AIM OF THE EXERCISE: Below are several entries. Transcribe exactly those lines that fall from the one with "28464 Заставки и" through the one with "Поводок-рулетка Triol Colour, цвет: голубой, черный, длина", end lines included.

AVAILABLE RECORDS:
#####
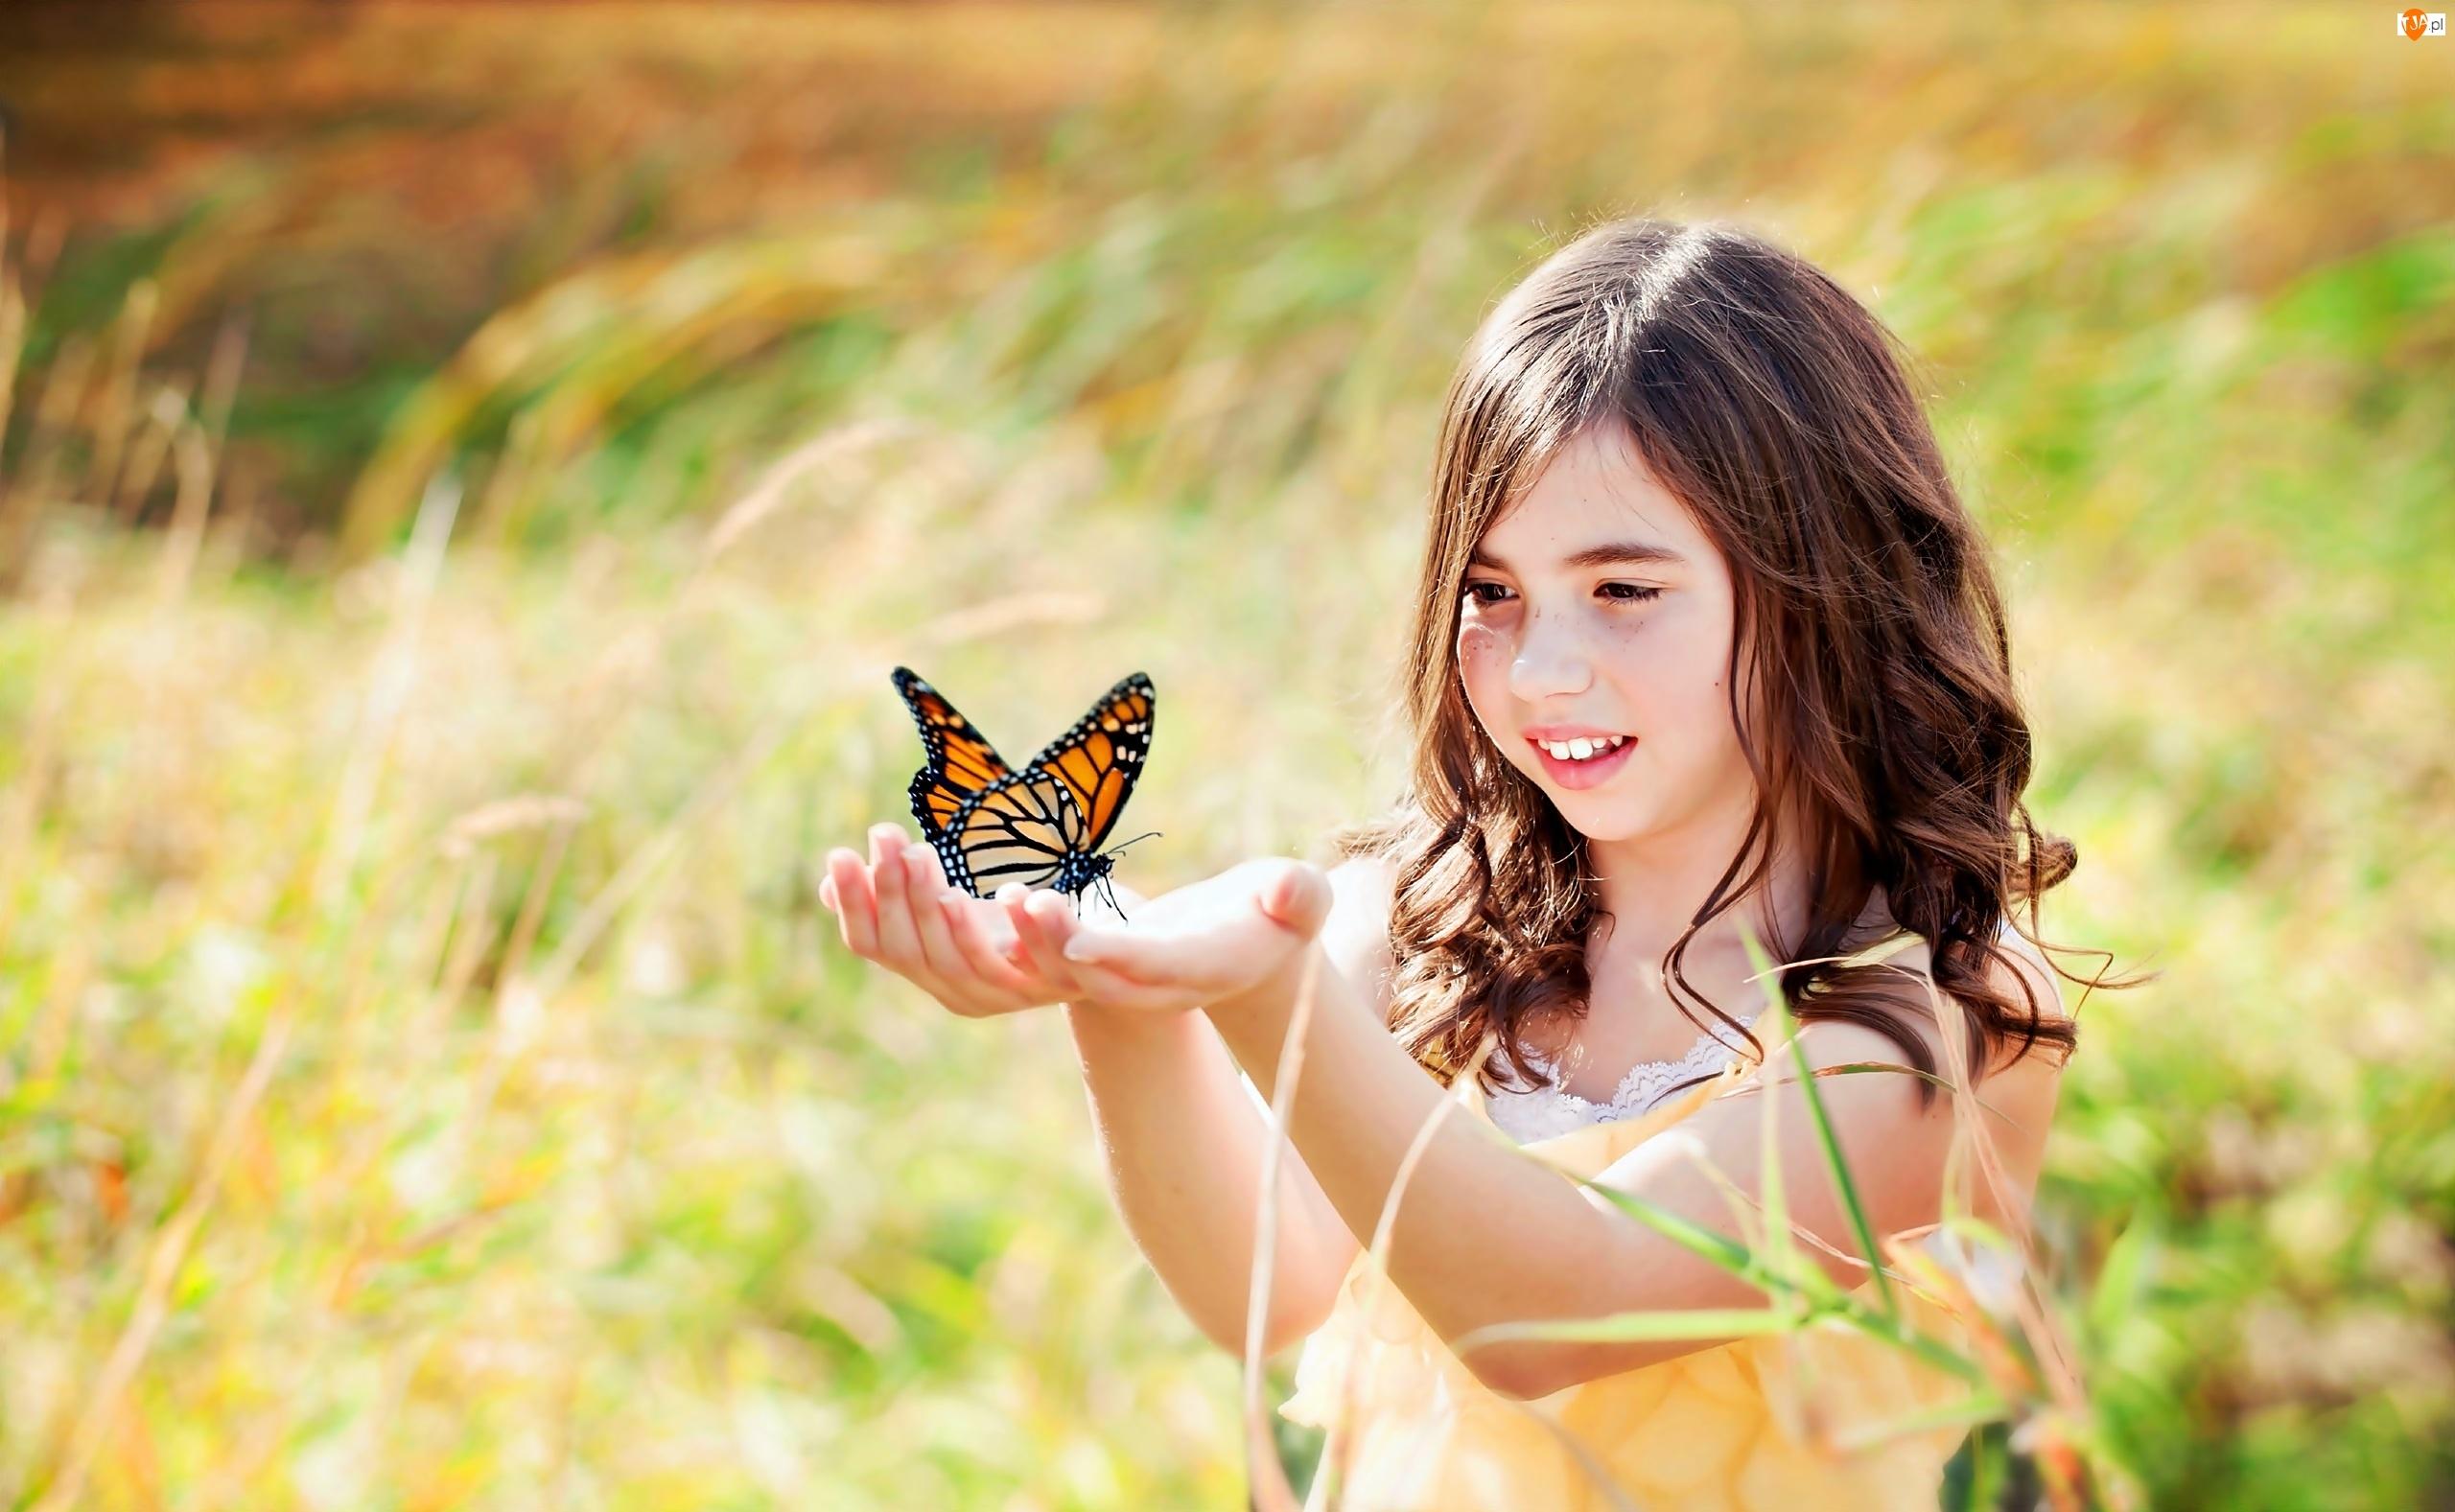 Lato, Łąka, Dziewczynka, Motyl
#####
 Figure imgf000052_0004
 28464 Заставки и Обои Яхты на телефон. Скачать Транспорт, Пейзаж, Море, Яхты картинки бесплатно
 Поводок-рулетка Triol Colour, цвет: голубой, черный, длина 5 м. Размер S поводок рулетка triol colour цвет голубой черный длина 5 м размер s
#####
EXERCISE SOLUTION:
 28464 Заставки и Обои Яхты на телефон. Скачать Транспорт, Пейзаж, Море, Яхты картинки бесплатно
 Поводок-рулетка Triol Colour, цвет: голубой, черный, длина 5 м. Размер S поводок рулетка triol colour цвет голубой черный длина 5 м размер s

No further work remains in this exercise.